Hence, the theoretical field angle β of the scanning unit is expressed as follows:

$$\beta ={\beta }_{\max }-2\alpha .$$

(2)

The following considerations were made to enhance the reliability of the scanning process, which ensures that the laser spot is positioned at the center of the projection on the surface of the reflector,

$$e=\frac{l}{4\cdot \tan (\pi /k)}$$

(3)

The scanning unit is designed with a minimum scanning frequency that does not miss the targets, as elaborated in the reference [23]. This can be expressed mathematically as below:

$$f_s{ }_{\min }=\frac{v_t+v_m}{L_t}$$

(4)

where $v_t$ denotes the target velocity, $v_m$ represents the own velocity, and $L_t$ signifies the target width. Consider the standard case where $v_t$ = 55 KN, $v_m$ = 45 KN, and $L_t$ = 5.58 m, $f_s{ }_{\min }=$ 553.2 r/min. However, increasing the scanning frequency alone may lead to only marginal improvements in target identification capability. This is because the target’s relative position undergoes minimal change between successive scans, leading to limited variations in the echo signal.

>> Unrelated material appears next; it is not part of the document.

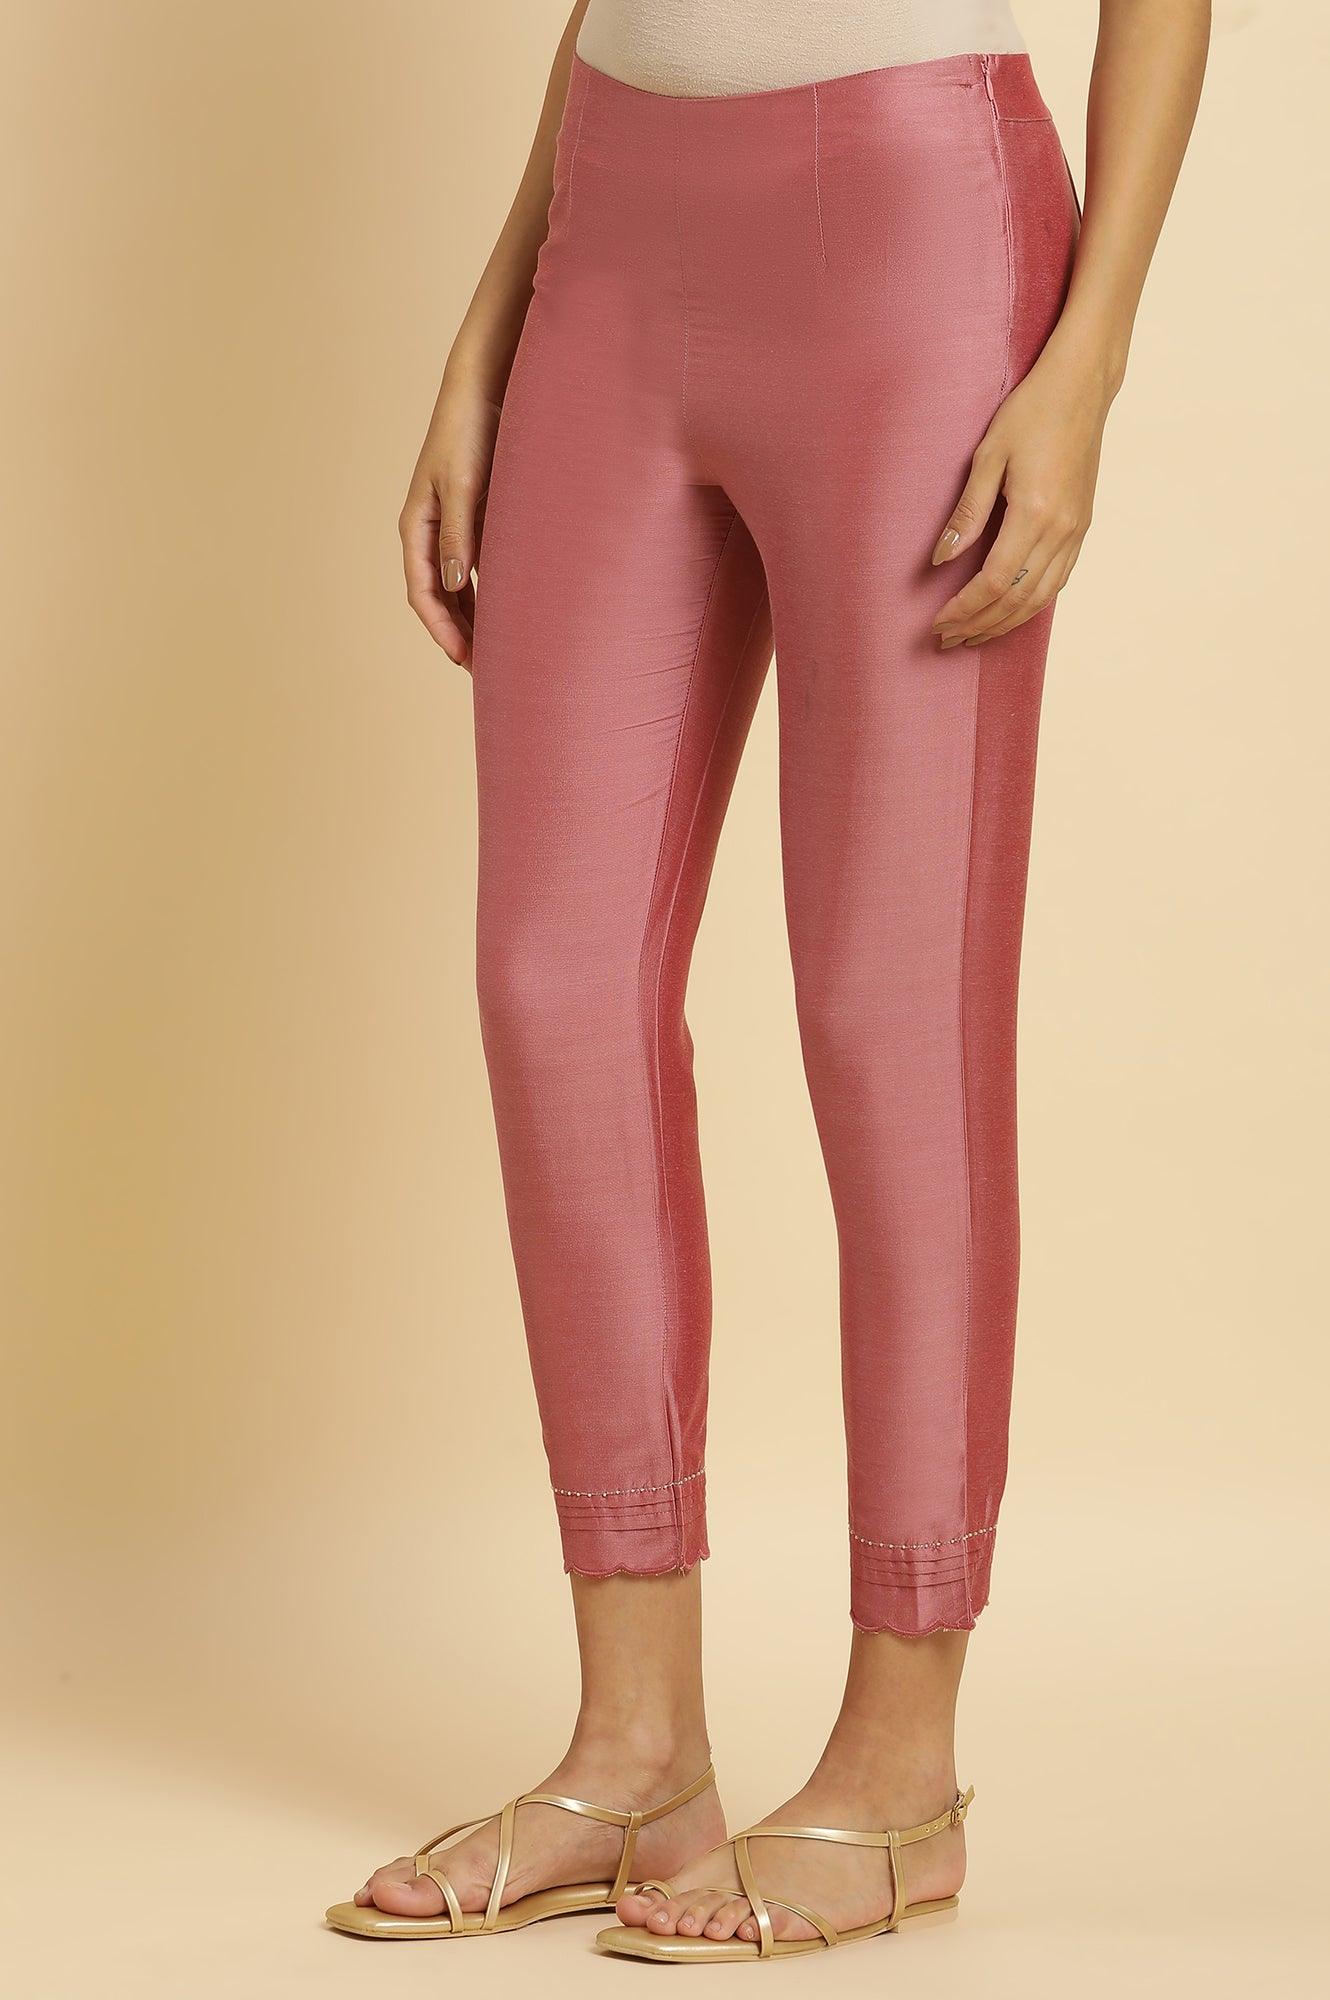 Pink Festive Solid Slim Pants - wforwoman

The final scanning speed is mainly related to the motion speed of the typical target. To increase the probability of target capture, the underwater LiDAR is usually required to complete three scans in the time it takes to make a head-on encounter with the target. At this time, if the scanning speed is further increased, the target echo signal does not change much in the adjacent pulse time. However, the power consumption, noise, and electromagnetic interference is generated by the brushless motors with increased scanning speed. Consequently, the motor speed (scanning speed) n_d is determined by the following equation:

$$n_d=\frac{3\times f_s{ }_{\min }}{k}.$$

(5)

As depicted in Figure 2, this study employed four scanning units to achieve a comprehensive 360° scanning. Consequently, each scanning unit requires a field-of-view angle (β) of at least 90°, and the number of prismatic edges (k) of the reflector in this paper is stipulated as 3.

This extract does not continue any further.